Archaeological discoveries

Knossos recovered from the Bronze Age collapse and tripled in size

The latest archaeological excavations carried out on the island of Crete have revealed that the ancient Minoan city of Knossos was at least three times larger than previously believed.

Knossos flourished during the Bronze Age, between 3500 and 1100 BC, and its decline was precipitated by the social and political collapse of around 1200 BC. However, a large number of artifacts discovered during the last decade in the excavations carried out by the Knossos Urban Landscape Project (the archaeological initiative that investigates the ruins of the city), date from the Iron Age. This would indicate that it recovered from the collapse and grew and prospered again.

According to Antonis Kotsonas, a professor at the University of Cincinnati, who is involved in the research, these Iron Age artifacts were found in a much larger radius than expected from the ruins of Knossos, indicating that the city would have been spread over a much larger area than previously thought.

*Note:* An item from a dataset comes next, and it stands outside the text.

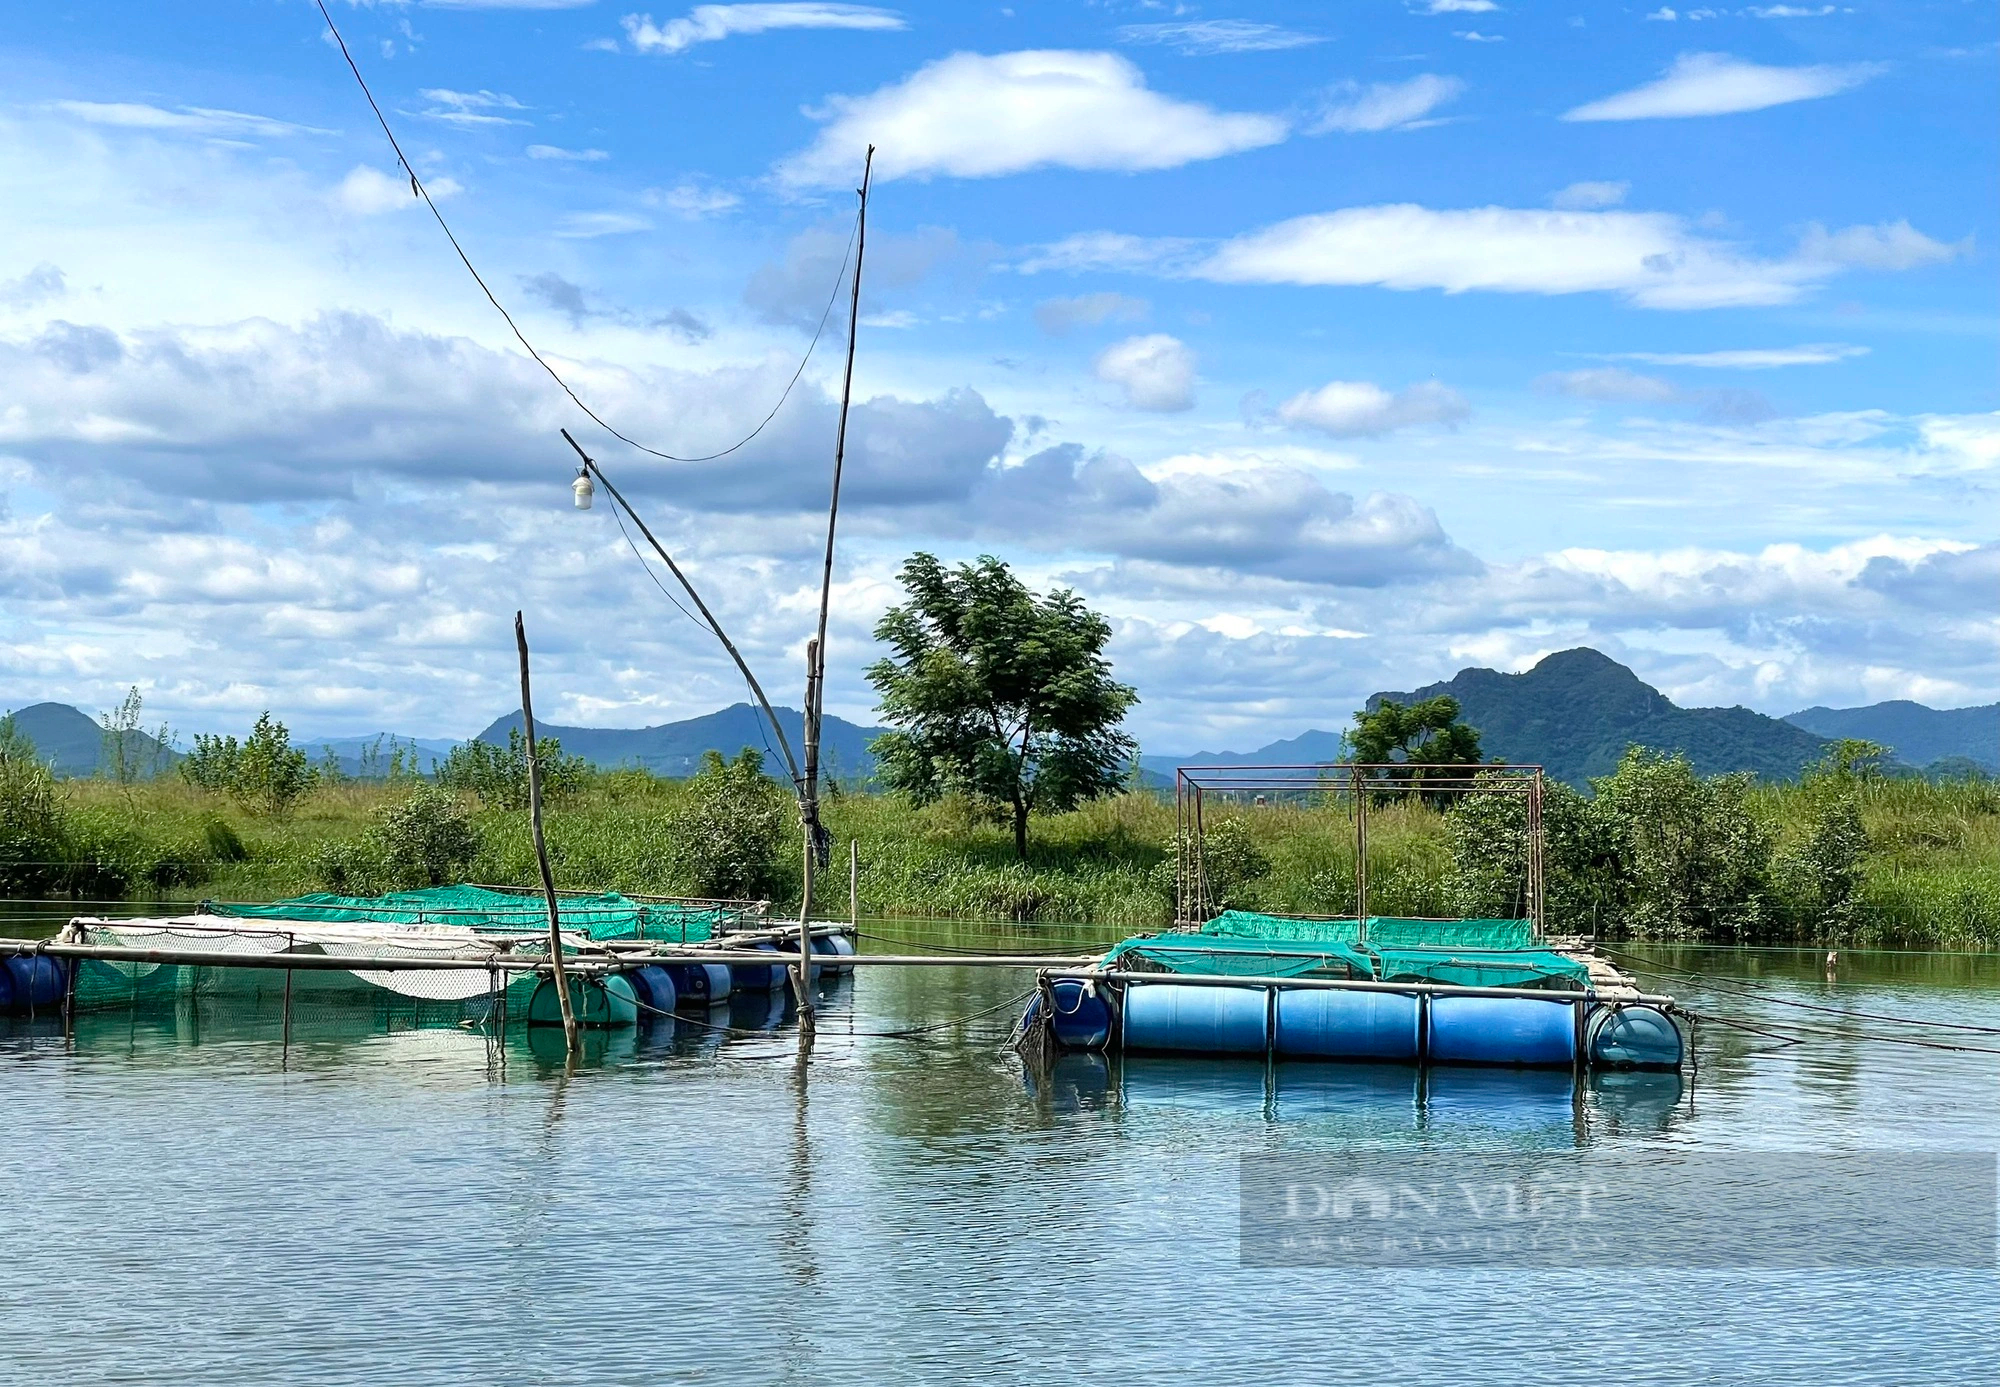 Nuôi cá chẽm, cá dìa, cua ngon ở một ngã 3 sông nổi tiếng ở Quảng Bình, tưởng liều mà hóa hay- Ảnh 6.

In a press release published by the Kotsonas University, he emphasizes that both the number of Iron Age artifacts and their quality indicate that Knossos would have been an important epicenter of trade in the Mediterranean and the Aegean at that time. In fact, there is no other place dating from the same period in which such a wide range of imported materials appears, including bronze ornaments and other metallic jewelery elements. Examples of pottery from relatively distant regions such as Cyprus, Italy or Sardinia were also found among the ruins.

Most of the objects were found in cemeteries and dwellings, offering archaeologists clues as to the relative wealth of the individuals buried with them.

Regarding the extension of the city itself, Kotsonas believes that the urban nucleus reached at least from the Kairatos River to the eastern slope of the Acropolis.